======== DATA FOR THIS EXERCISE ========

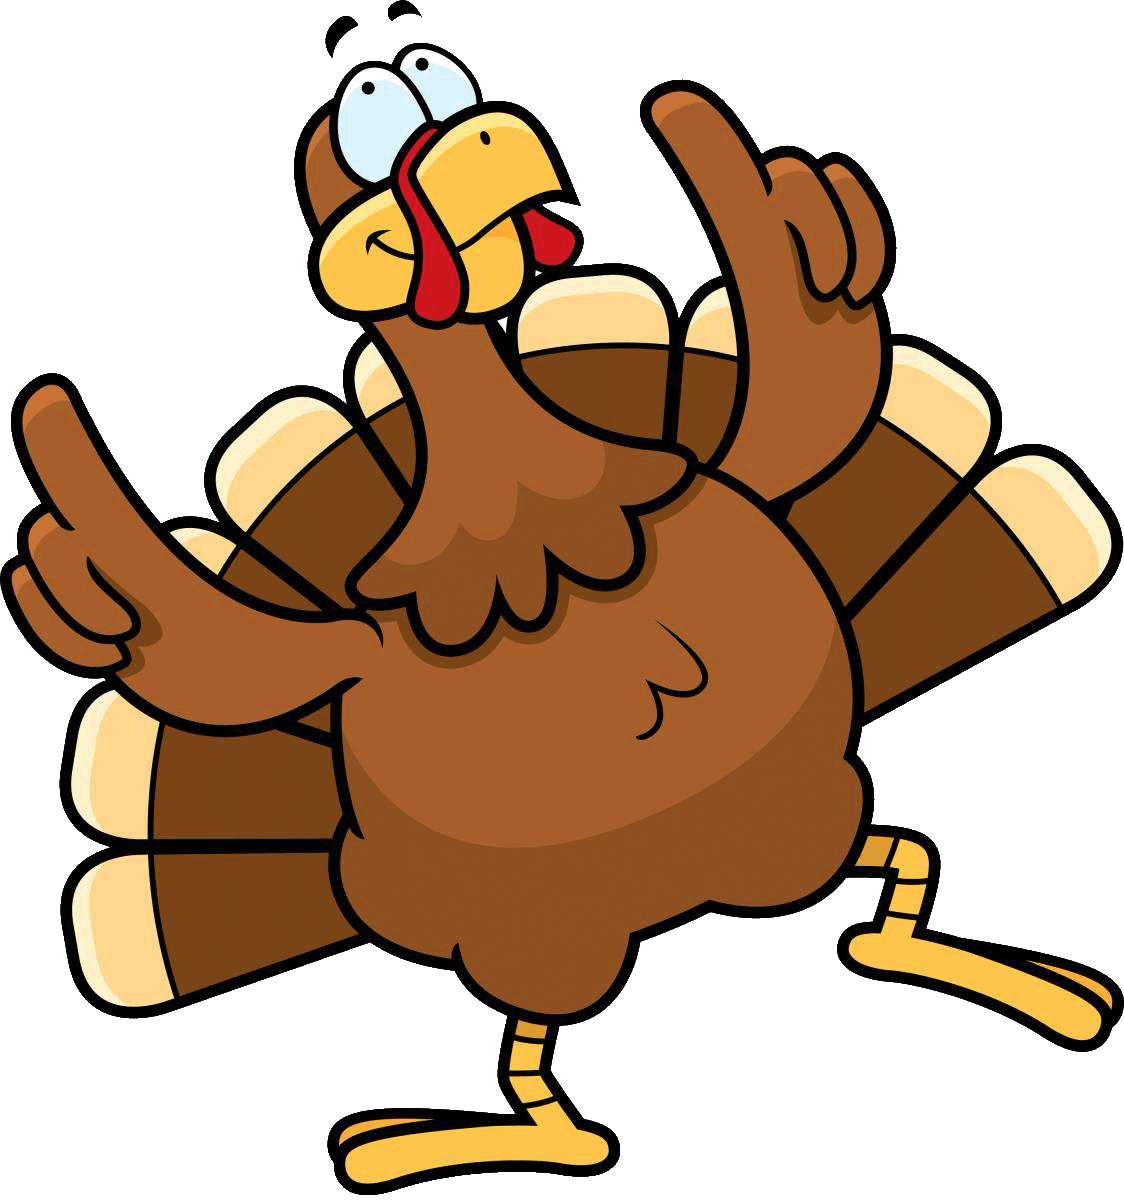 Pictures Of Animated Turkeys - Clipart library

========
======== DATA FOR THIS EXERCISE ========

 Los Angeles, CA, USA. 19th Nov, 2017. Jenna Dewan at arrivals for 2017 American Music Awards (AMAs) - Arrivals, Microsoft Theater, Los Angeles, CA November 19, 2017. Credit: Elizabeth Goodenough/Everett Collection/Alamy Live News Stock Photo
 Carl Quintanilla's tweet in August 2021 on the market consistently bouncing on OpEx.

========
======== DATA FOR THIS EXERCISE ========

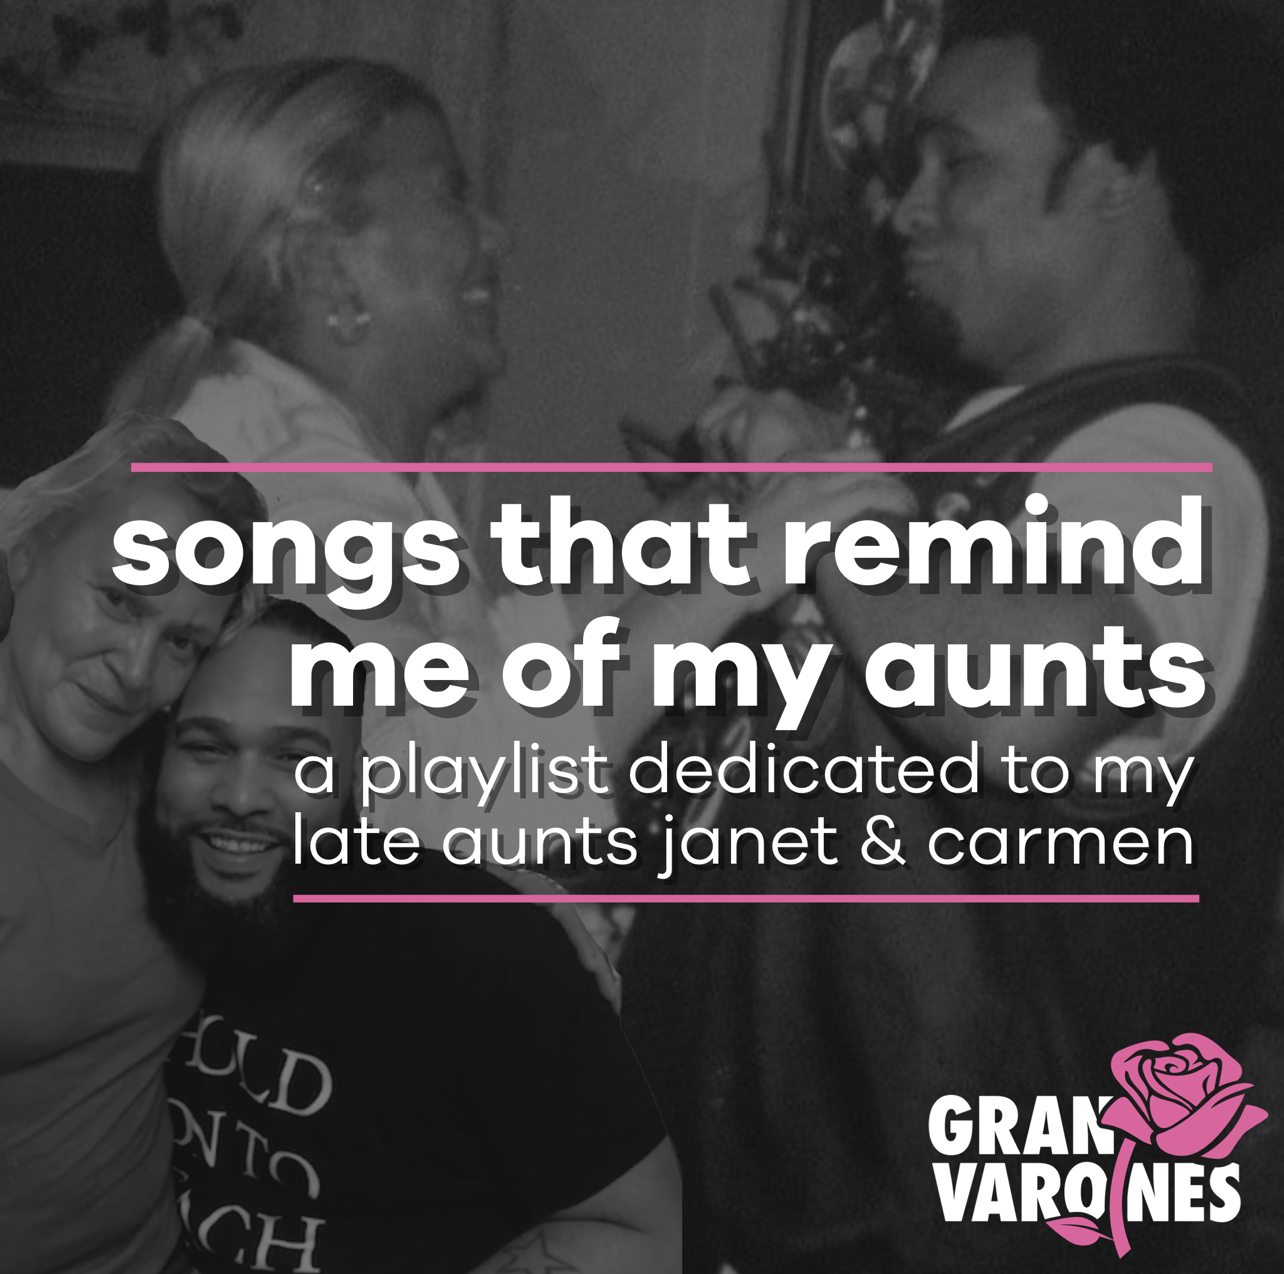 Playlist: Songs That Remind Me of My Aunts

========

# EXERCISE DESCRIPTION
Using the entries above, give again exactly the lines from the line holding "Los Angeles, CA, USA." through the line holding "Carl Quintanilla's tweet". Include both end lines and nothing else.

# YOUR SOLUTION
 Los Angeles, CA, USA. 19th Nov, 2017. Jenna Dewan at arrivals for 2017 American Music Awards (AMAs) - Arrivals, Microsoft Theater, Los Angeles, CA November 19, 2017. Credit: Elizabeth Goodenough/Everett Collection/Alamy Live News Stock Photo
 Carl Quintanilla's tweet in August 2021 on the market consistently bouncing on OpEx.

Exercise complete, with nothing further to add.